Ковтун-Станкевич - очень опытный, боевой военначальник. Вместе с ним, в его «Виллисе», Кошкин пробирался вдоль вала Чингисхана, проскочили мимо степного озера Долон-нор. Кошкин, до этого никогда не видавший степи, не смотря на всю свою усталость, недосыпание, пыль, жару и боли в спине, как он думал от переутомления, успевал наблюдать за окружающей их природой, пытался всё запомнить, оставить в своей памяти. Две машины, генерала и прикрывавший их студебеккер с саперами, мчались по пыльному степному бездорожью. Всю дорогу рядом с Кошкиным на заднем сиденье был корреспондент фронтовой газеты "На боевом посту". Кошкин часто наблюдал за тем, как вездесущий, всё примечающий улыбчивый старший лейтенант вмиг становится серьёзным, вынимает из кармана записную книжку и начинает что-то в ней строчить, лишь иногда на секунду замирает, отрывая голову от книжки и смотря в небо. Думает секунду - другую и опять продолжает бойко водить карандашом по страницам потрёпанного блокнота. Кошкин с уважением смотрит на старую лейку на груди старлея и жалеет, что не овладел он ещё техникой фотодела: фотокарточки были бы подспорьем в написании «боевых мемуаров», за которые он засядет ближе к пенсии.
Однажды утром уставшим, полусонным солдатам открылась красивейшая картина: как бы выскочив из глубокого тумана, по берегу степного озера паслись стада диких гусей. Водитель генерала, проезжая мимо, дал сигнал, но жирные, отъевшиеся за лето гуси даже и голов не подняли.
- Товарищ генерал-майор, это же свежее мясо! Позвольте пульнуть по диким тварям. Хороший обед устроим, саперов до отвала накормим, - прокричал удивлённый гусиным равнодушием водитель.
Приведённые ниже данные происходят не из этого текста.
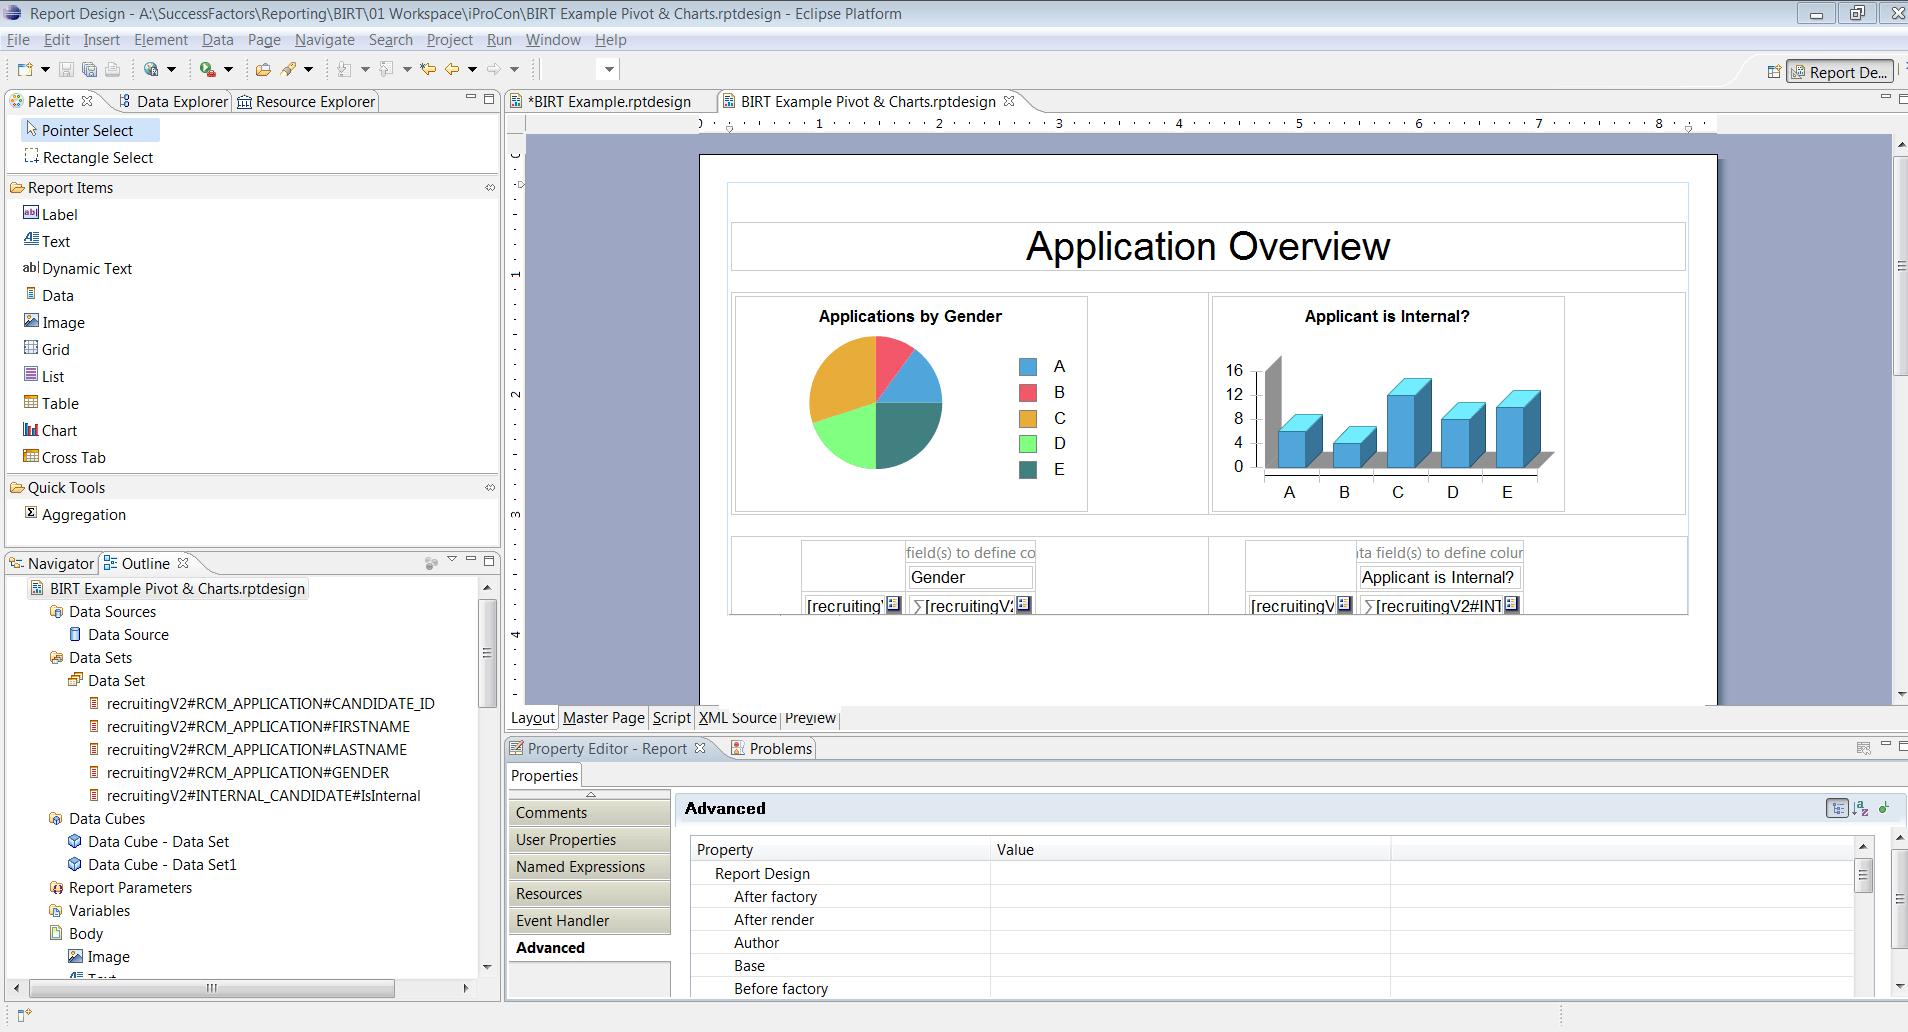 Birt Report Templates In Sap Successfactors – Part 3 - Ixerv Pertaining To Birt Report Templates

- А что, Афанасьев, давай! Стоп машина! - махнул рукой генерал-майор. Но стоило только саперам начать выпрыгивать из кузова студебеккера, как гуси, видимо, почувствовав опасность, с силой замахав крыльями, поднялись в воздух. Было взволновавшиеся, что добыча уходит, солдаты, удивились ещё больше: гуси были до того толстые, непуганые и ленивые, что не полетели дальше. Отлетев метров пятьдесят от берега, птицы сели на водную гладь степного озера.
- Палѝ мужики, пока птица рядом! - раздался клич, и солдаты, как по команде, мелкими очередями пробуравили холодную гладь озера.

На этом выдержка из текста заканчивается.